At a meeting of the PLO Executive Committee in Ramallah on Sunday, President Abbas received the report of the investigation committee appointed to look into the Palestine Papers — documents leaked to Al-Jazeera, which prepared a series of programmes in late January detailing shocking behavior in the until-then secret negotiations brokered by the U.S,. first under the Bush Administration in the “Annapolis process”, and subsequently under the Obama Administration.

The documents consisted mainly of staff notes of the sessions prepared by the Palestinian negotiating team, and held by the Negotiations Support Unit (NSU) of the Negotiations Affairs Department (NAD). ยจ[Al-Jazeera prepared very wierd dramatic reenactments, using actors to represent the main figures, of meetings held under the Annapolis process]. But, Al-Jazeera also had documents leaked from one or more security offices, and from the office of Prime Minister Salam Fayyad…

The investigation committee report relied in part on security interviews with each and every one of the current staff members of the NSU + NAD. The finger seems to point to one or more former — now disgruntled — staff members.

The investigation committee also made a number of recommendations, including the replacement of the Chief Palestinian negotiator, Saeb Erekat — who then resigned (after it was recommended that he be replaced), as he vowed he would do on the David Frost interview program aired a couple of weeks ago on Al-Jazeera English.

“If these documents were liked from my office, I and I alone will be responsible for that”, Erekat told David Frost, “if it is proven”… By that time, Erekat was apparently very well aware that most of the documents were leaked from his office.

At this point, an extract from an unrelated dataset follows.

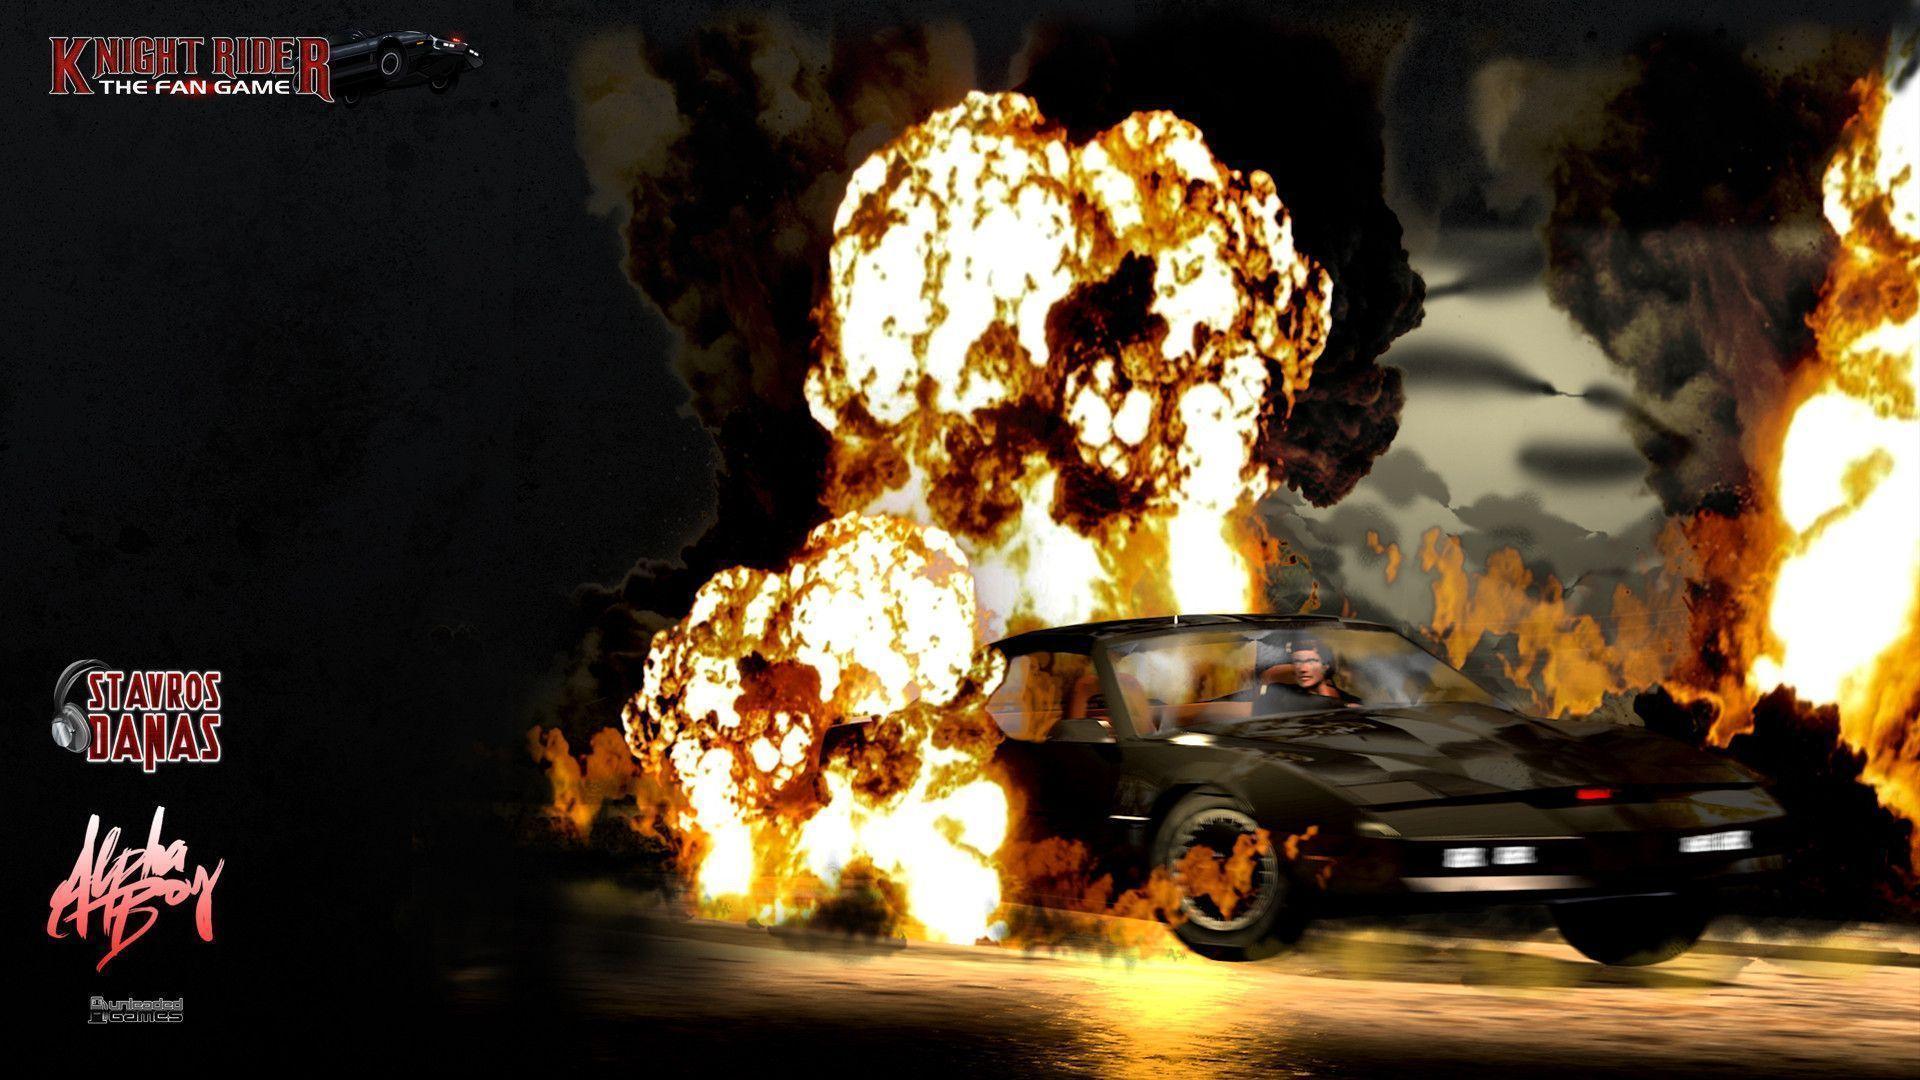 Knight Rider: The Fan Game Screenshots

So, he added, in his remarks to Frost, “So, I don’t think I will remain Chief negotiator forever”.

Another recommendation of the investigation committee is that the NSU + NAD be disbanded.

Staff are convinced that this will happen, and note that their contracts all end on the same date — 31 March. The current prediction is that some of them will be absorbed into the President’s office — Abbas is the person responsible for negotiations anyway. However, the royal-court atmosphere in the President’s office, and the backbiting among ambitious people already there — combined with their gross incompetence in explaining the Palestinian position on anything — do not bode well for the future.

This does signal. with yet one more masterstroke, the relentless process of collecting and centralizing all the reins of power in the President’s hands….

And, yes, it proves the sharp correctness of Abbas’ words that this really is all (just) a soap opera — but it is much more discouraging than boring.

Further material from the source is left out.